Cellular morphology of the NSCs
The cellular morphology of the NSCs was examined during four different passages: P1, P3, P5 and P7 (each passage was performed at every four days in vitro). We compared the cellular morphology of the NSCs and examined the sizes of the neurospheres from the five different growth factor groups. In this way, we determined the optimal combination of growth factors with respect to NSC cell growth and cellular morphology. Cellular morphology was assessed by observation under an inverted microscope.
Immunocytochemical (ICC) staining was performed to ensure that the isolated cells were indeed neural stem cells. In this study, adult rat hippocampal neural stem cells were used as a positive control (Chemicon International, Inc, USA, C/N: SCR022). Characterisation of the NSCs was performed as follows: Neurospheres were placed into 8-well chamber slides. The cells were then fixed using 4% paraformaldehyde in 1X PBS and incubated for 30 to 40 minutes at RT. After incubation, the fixative was carefully removed using aspiration, and the cells were washed three times (5 to 10 minutes each) with 1X PBS. After washing, the cells were permeabilised with 0.3% Triton X-100. Next, cells were washed with a blocking solution of 5% normal donkey serum (Chemicon International, Inc, USA, C/N: S30-100ML) for at least two hours at RT or overnight at 4ºC. The cells were then incubated overnight at 4ºC with the primary antibody mouse anti-nestin (monoclonal, 1:200) (Chemicon International, Inc, USA, C/N: 2003602) [24, 30]. Negative controls were treated identically except for the addition of the primary antibody. The next day, cells were washed twice with 1X PBS and twice with blocking solution. After the last wash step, the cells were left in blocking solution for at least 30 minutes. Donkey anti-mouse IgG conjugated to Cy3 (1:250 or 1:500) (Chemicon International, Inc, USA, C/N: AP192C) was used as the secondary antibody, and the cells were incubated with this secondary antibody for two hours at RT. After incubation, the cells were washed for three to five times using 1X PBS. Cell nuclei were then stained with acridine orange at a working concentration of 1:500. Finally, the sections were mounted on glass chamber slides using anti-fading UltraCruzTM mounting medium to minimise photo-bleaching after prolonged exposure to a high-intensity light source. The fixed cells were then visualised using a Pascal 5 confocal microscope (Carl Zeiss, Germany).

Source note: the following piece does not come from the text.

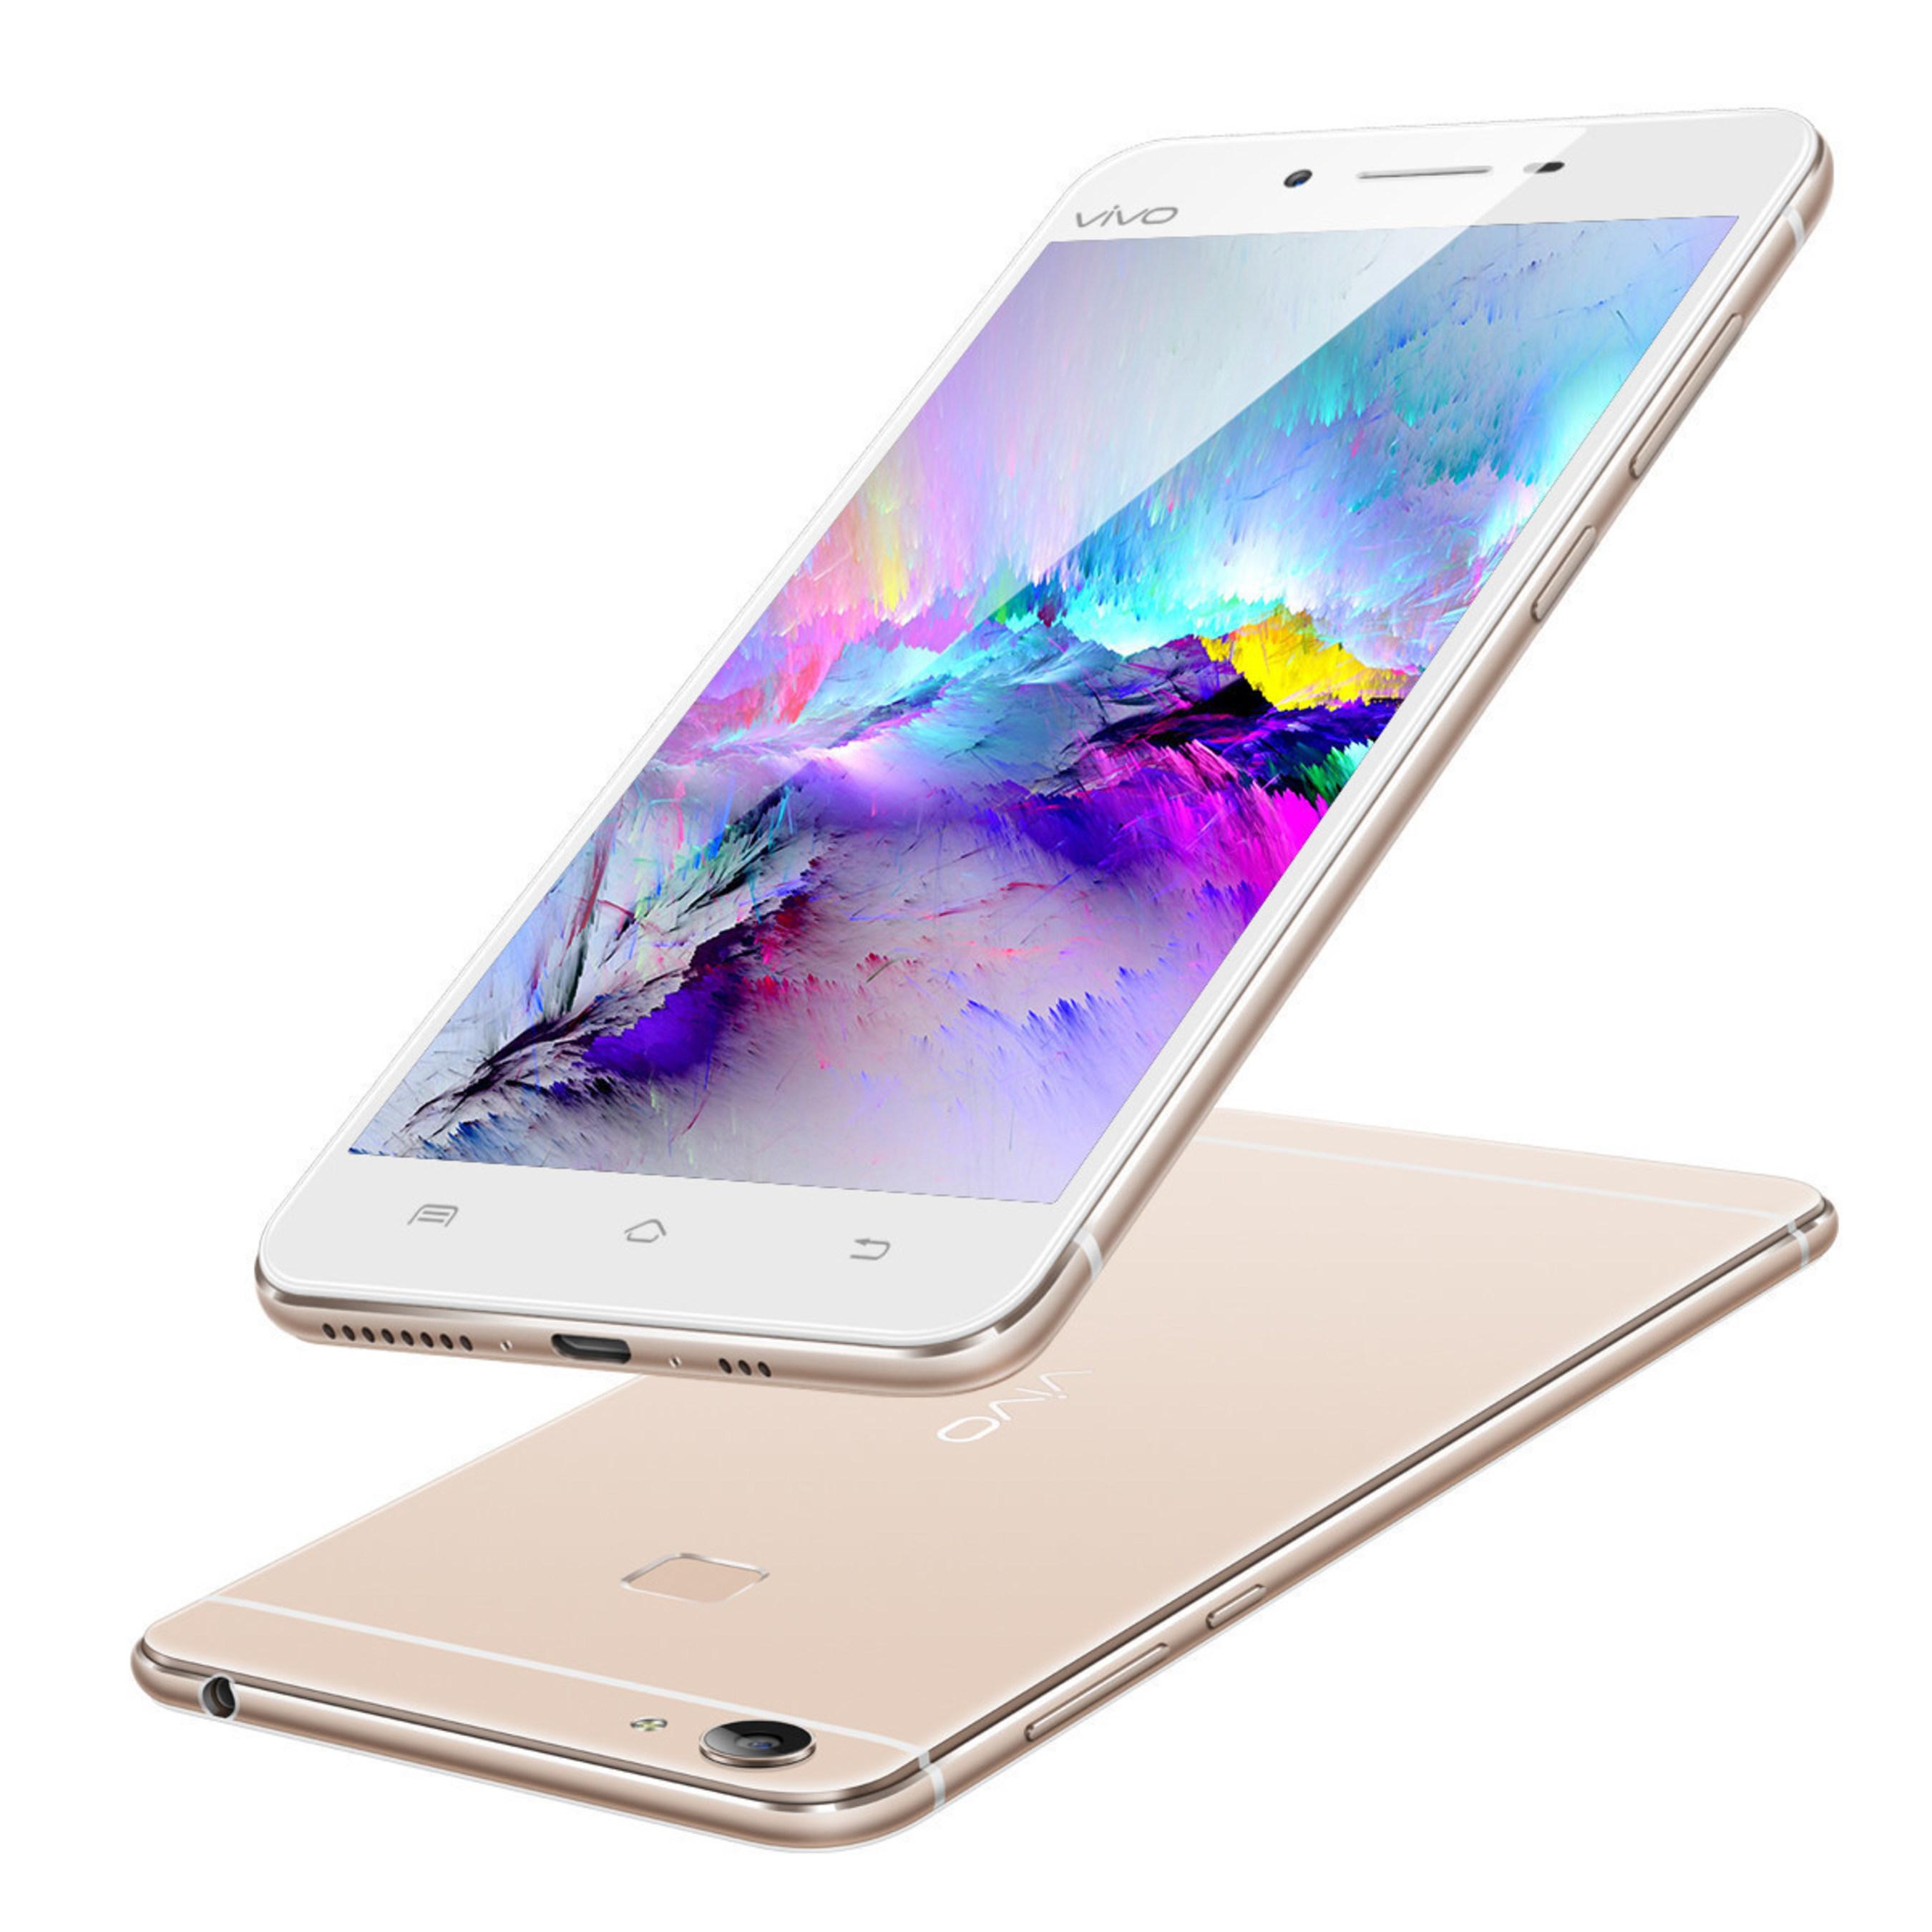 Vivo's new new flagship smartphone X6

Proliferation studies were performed using the CellTiter 96® Aqueous One Solution Cell Proliferation Assay (Promega Corporation, USA, C/N: G3580), which uses a novel tetrazolium compound [3-(4,5-dimethylthiazol-2-yl)-5-(3-carboxymethoxyphenyl)-2-(4-sulfophenyl)-2H-tetrazolium, inner salt; MTS (a)] and a chemically stable electron coupling reagent (phenazine ethosulfate; PES) to form a stable “One Solution”. Bioreduction of MTS to colored formazan was read at 490nm, to evaluate metabolically active cells, and the level of cytotoxicity in cutured cells. Our experimental strategy involved five groups of combinatorial growth factor conditions (group A:without growth factor, group B: EGF/bFGF, group C: EGF/bFGF/LIF, group D: EGF/bFGF/IGF-1 and group E: EGF/bFGF/LIF/IGF-1). NSCs were grown at a starting density of 1X103 cells per well of 96-well culture plate, with 5 replicates for each group. Spectrophotometric recordings were obtained from each group of cells at 0, 24, 48, 72 and 96 hours following the exact procedure suggested by instruction manual, to evaluate the increment in cell proliferation.
In situ cell death detection (TUNEL)
To demonstrate the effect of different neurotrophins on NSCs undergoing apoptosis, we used a terminal dUTP nick-end labelling (TUNEL) assay. At 12 days in vitro, neurospheres were triturated into single cells and plated on poly-L-lysine-coated 8-well chamber slides (BD BioCoat, USA) at a concentration of 50,000 per ml per well and incubated for an additional 6 h at 37°C in a 5% CO2 incubator. The apoptotic cells were labelled according to the instructions of the in situ Cell Death Detection Kit (Roche, Penzberg, Germany). The TUNEL-labelled cells were further counter-stained and mounted using Ultra Cruz mounting dye containing DAPI (Santa Cruz). The number of TUNEL+ NSCs was detected by Zeiss fluorescence microscopy and normalised to DAPI-stained cells.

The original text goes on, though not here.